In this theatre of war the French, in concert with the garrisons of the Spanish Netherlands, had fortified a line of defence more than 70 m. long from Antwerp to Huy, as well as another line, longer but of only potential importance, from Antwerp along the Scheldt-Lys to Aire in France. Besides the “lines of Brabant” Boufflers held all the Meuse fortresses below Huv except Maastricht. Marlborough concentrated 60,000 men (of whom 12,000 only were British) about Nijmegen in June, and early in July, having made his preparations, he advanced directly by Hamont on Diest. Boufflers, who had drawn together his field army in Gelderland for the relief of Kaiserswerth and the late attack on the earl of Athlone, hastily fell back, in order to regain touch with the Brabant lines. Marlborough, with the positive object of bringing his opponent to battle at a disadvantage, won the race and awaited the arrival of Boufflers’ tired army to strike it a paralysing blow. But at the critical moment the Dutch deputies forbade the battle, content to see the army that had threatened Holland with invasion driven off to a safe distance without bloodshed (July 22). Ten days later Boufflers, thus easily let go, again advanced from Diest, was trapped by Marlborough and released by the Dutch. This time it was a disobedient general, not the civilian commissioners at headquarters, who did the mischief, but after this second experience Marl- borough thought it prudent to pacify the Dutch by besieging the Meuse fortresses, several of which fell in rapid succession (September–October). His return to the Meuse led Boufflers to suppose that the enemy had a Rhine campaign in view and he at once sent off a corps under Tallard towards Cologne, standing on the defensive himself at Tongres, where for the third time in the campaign he was outmanoeuvred by Marlborough and saved by the deputies at Marlborough's headquarters. Boufflers hurriedly fell back within the defended area of the lines of Brabant, and the campaign closed with the capture of Liege by the allies (Oct. 12). Marlborough was created a duke on his return to England in November. He had checked the main enterprise, or at least (for an enterprise commensurate with the force employed had scarcely been imagined) the main army, of the French. Every man in the army knew, moreover, that but for the Dutch deputies the enemy would have been destroyed.

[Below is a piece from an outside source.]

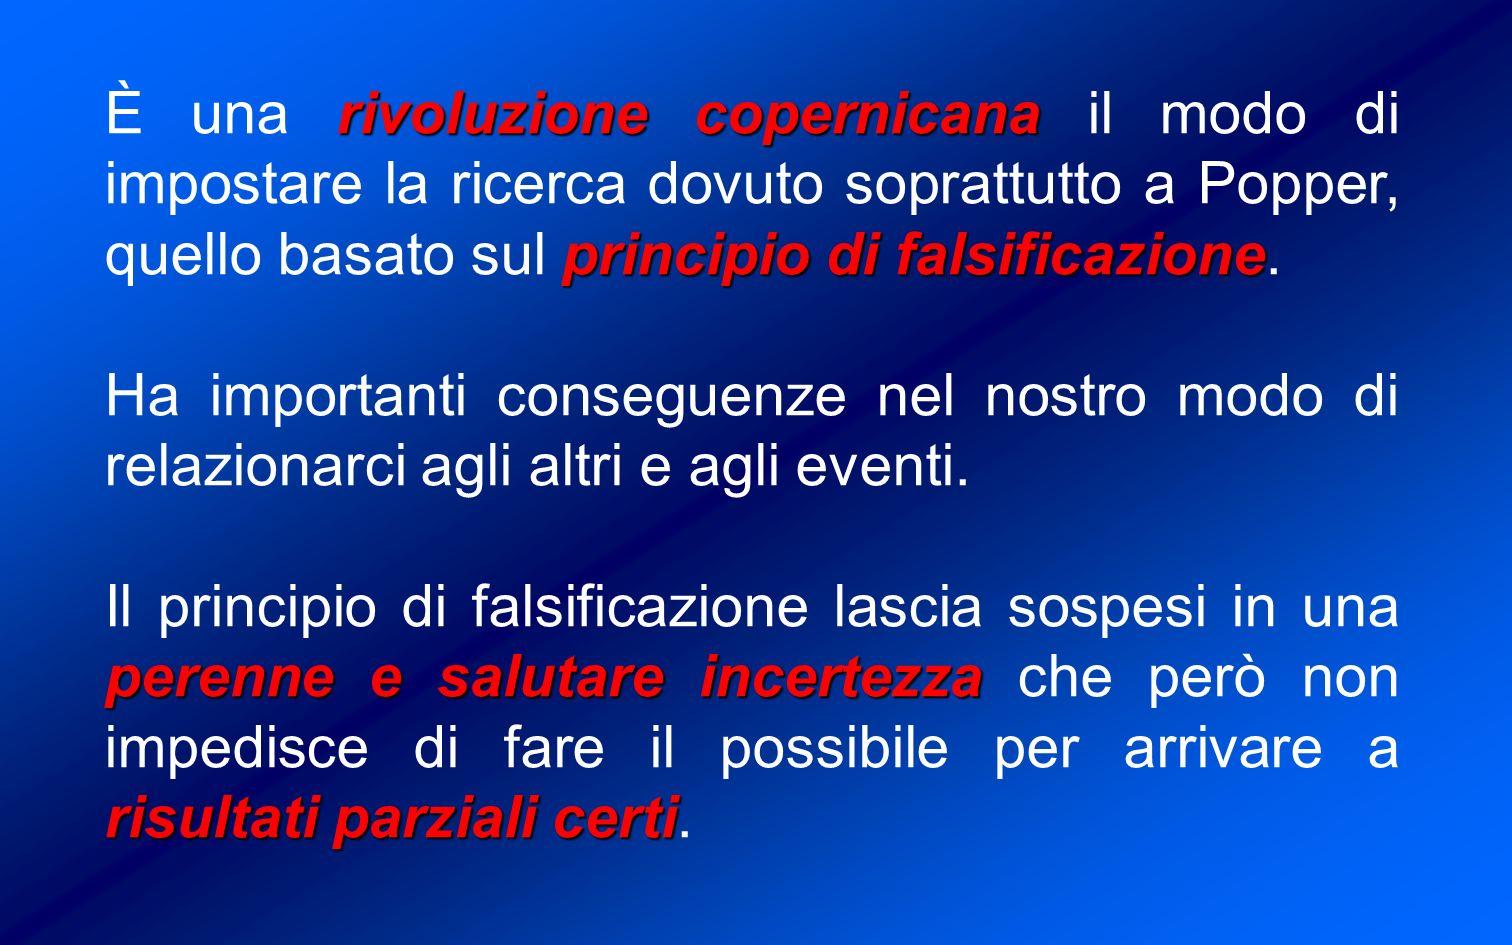 rivoluzione copernicana principio di falsificazione È una rivoluzione copernicana il modo di impostare la ricerca dovuto soprattutto a Popper, quello basato sul principio di falsificazione.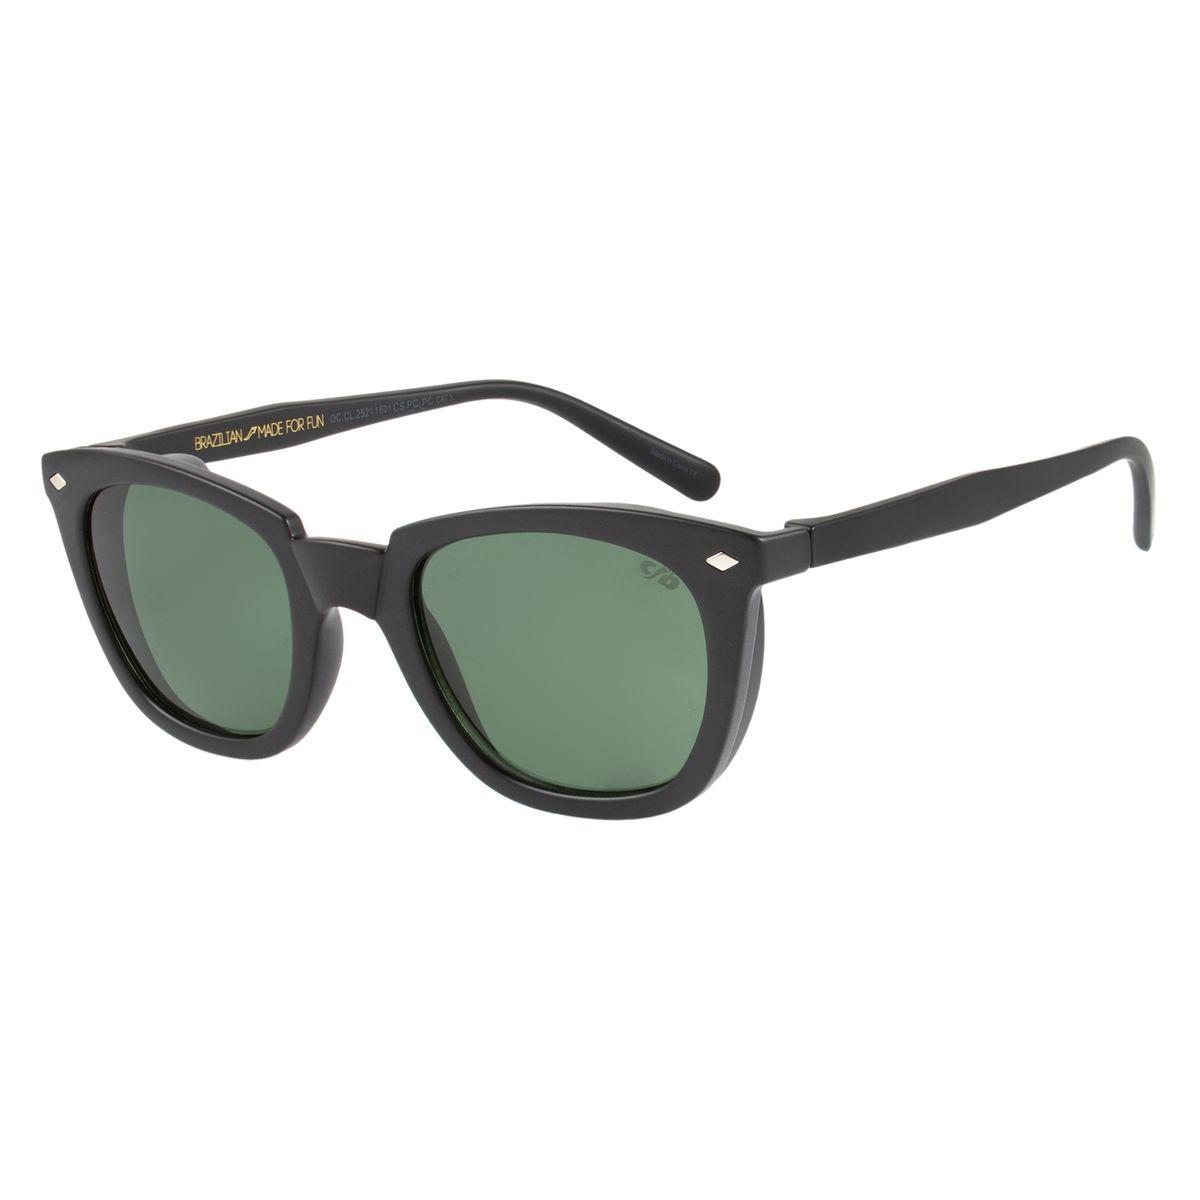 Óculos de Sol Unissex Vintage Por Marcelo Sommer Preto 2521 - OC.CL.2521.1501 M

On the Rhine the campaign was, except for two disconnected episodes, quite uneventful. The Imperialists under a methodical general, the margrave Louis of Baden, gathered in the Neckar country and crossed the Rhine above Spire. Catinat, now old and worn out, was sent to Strassburg to oppose the threatened invasion of Alsace, and, like MacMahon in 1870, he dared not assemble his whole force either on the Lauter or on the Ill. The margrave invested Landau (July 29) and with a covering army occupied the lines of the Lauter about Weissenburg, which Catinat did not attack. Hence Landau, valiantly defended by Melac, had to be surrendered on the 12th of September. But at the same time the elector of Bavaria took the side of France, surprised Ulm, and declared a local war on the house of Austria and the “circles” of Swabia and Franconia. The margrave then, in order to defend his own country, prevent the junction of Catinat’s forces with the elector, and win back the latter to the Austrian side, recrossed the Rhine and hurried to Kehl with the greater part of his army, leaving a garrison in Landau and a corps of observation on the Lauter. To co-operate with the elector, Catinat had made up a corps out of every available battalion and squadron (keeping for himself not more than a personal escort) and placed it under Lieut.-General Villars. This corps drew away into Upper Alsace and the margrave followed suit until the two armies faced one another on opposite sides of the Rhine near Huningen. But the corps that the elector on his part was to send to meet VillarsFriedlingen. halted east of the Black Forest, and although, on the 14th of October 1702, after a series of skilful manœuvres, Villars crossed the Rhine and won the first victory of his brilliant career at Friedlingen (opposite Huningen), it was profitless. Soon afterwards Villars placed his army in winter quarters in Alsace, and Louis of Baden disposed his troops in two entrenched camps opposite Breisach and Strassburg respectively. In Italy Vendôme, superior in numbers but handicapped by instructions from Versailles and by the necessity of looking to the Italian interests of King Philip, gained a few minor successes over Eugene. A very hard-fought and indecisive battle took place at Luzzara on the Po on the 15th of August.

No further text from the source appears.